EXERCISE BRIEF:
Retype the data below verbatim; pictures do not belong in the copy.

DATA EXCERPT:
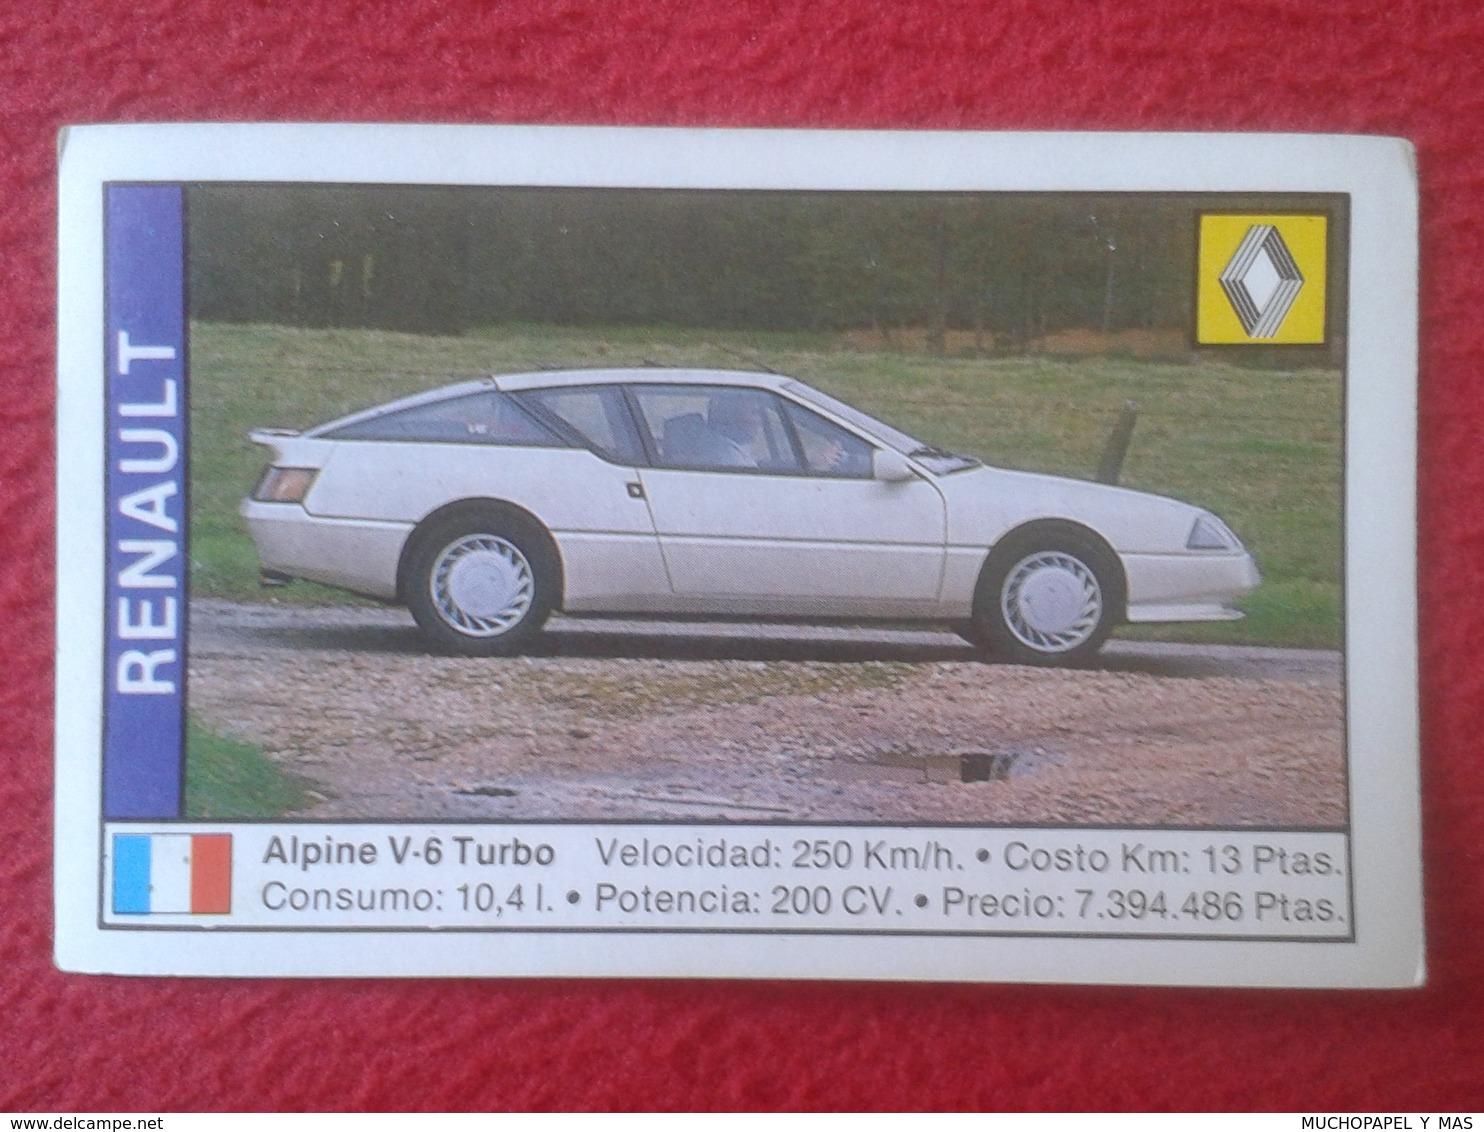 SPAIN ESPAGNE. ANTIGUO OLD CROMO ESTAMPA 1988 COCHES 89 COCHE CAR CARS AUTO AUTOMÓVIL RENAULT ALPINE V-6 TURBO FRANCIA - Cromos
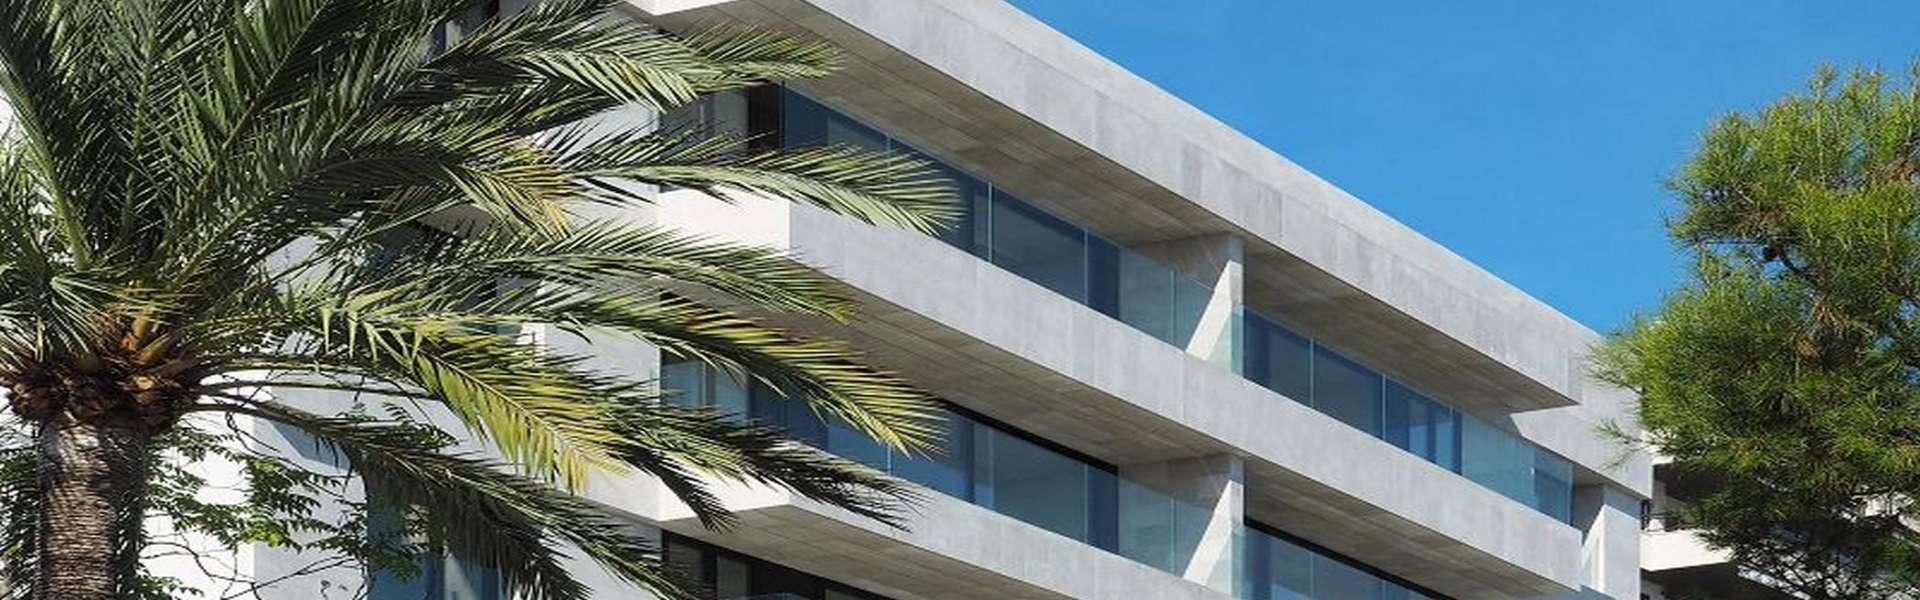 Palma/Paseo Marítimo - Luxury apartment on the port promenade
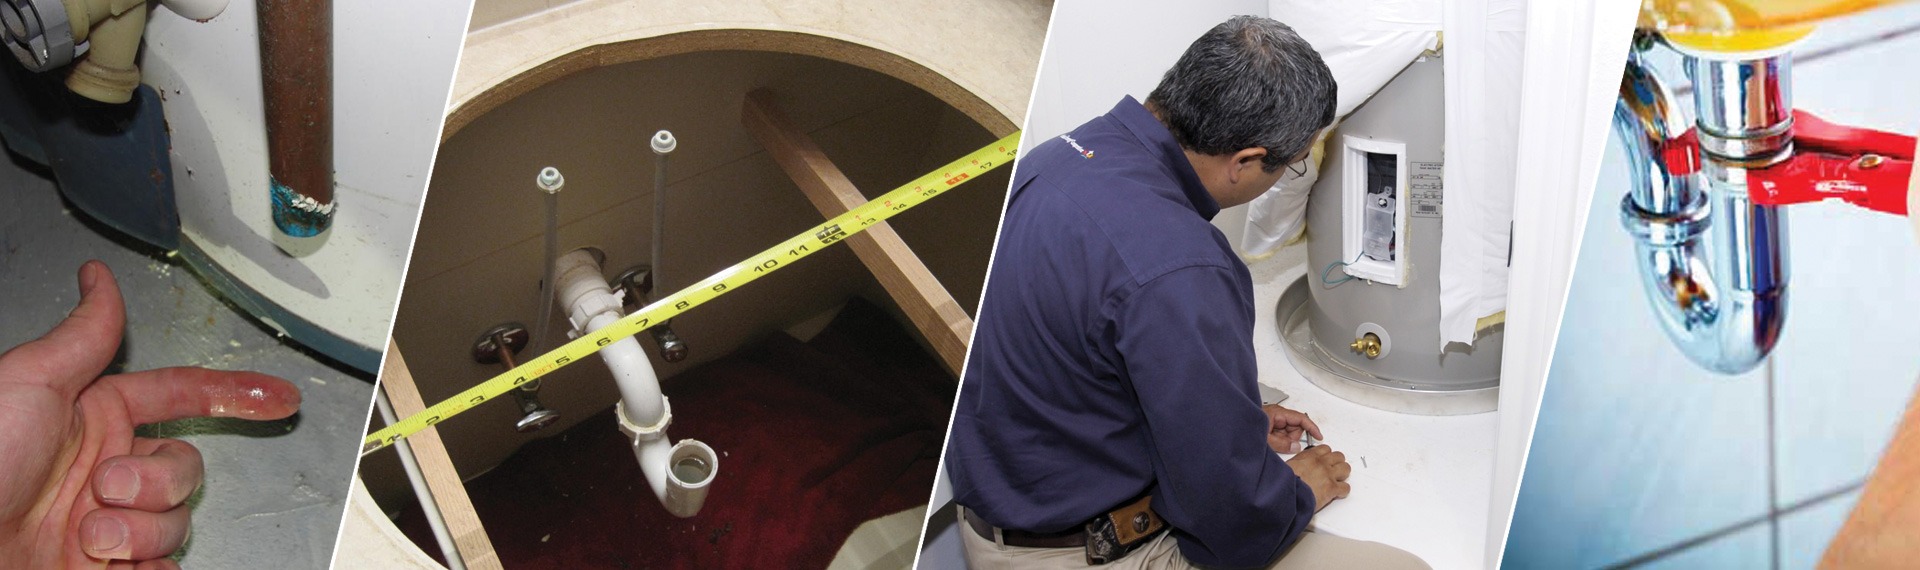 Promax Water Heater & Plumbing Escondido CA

REPLY:
 SPAIN ESPAGNE. ANTIGUO OLD CROMO ESTAMPA 1988 COCHES 89 COCHE CAR CARS AUTO AUTOMÓVIL RENAULT ALPINE V-6 TURBO FRANCIA - Cromos
 Palma/Paseo Marítimo - Luxury apartment on the port promenade
 Promax Water Heater & Plumbing Escondido CA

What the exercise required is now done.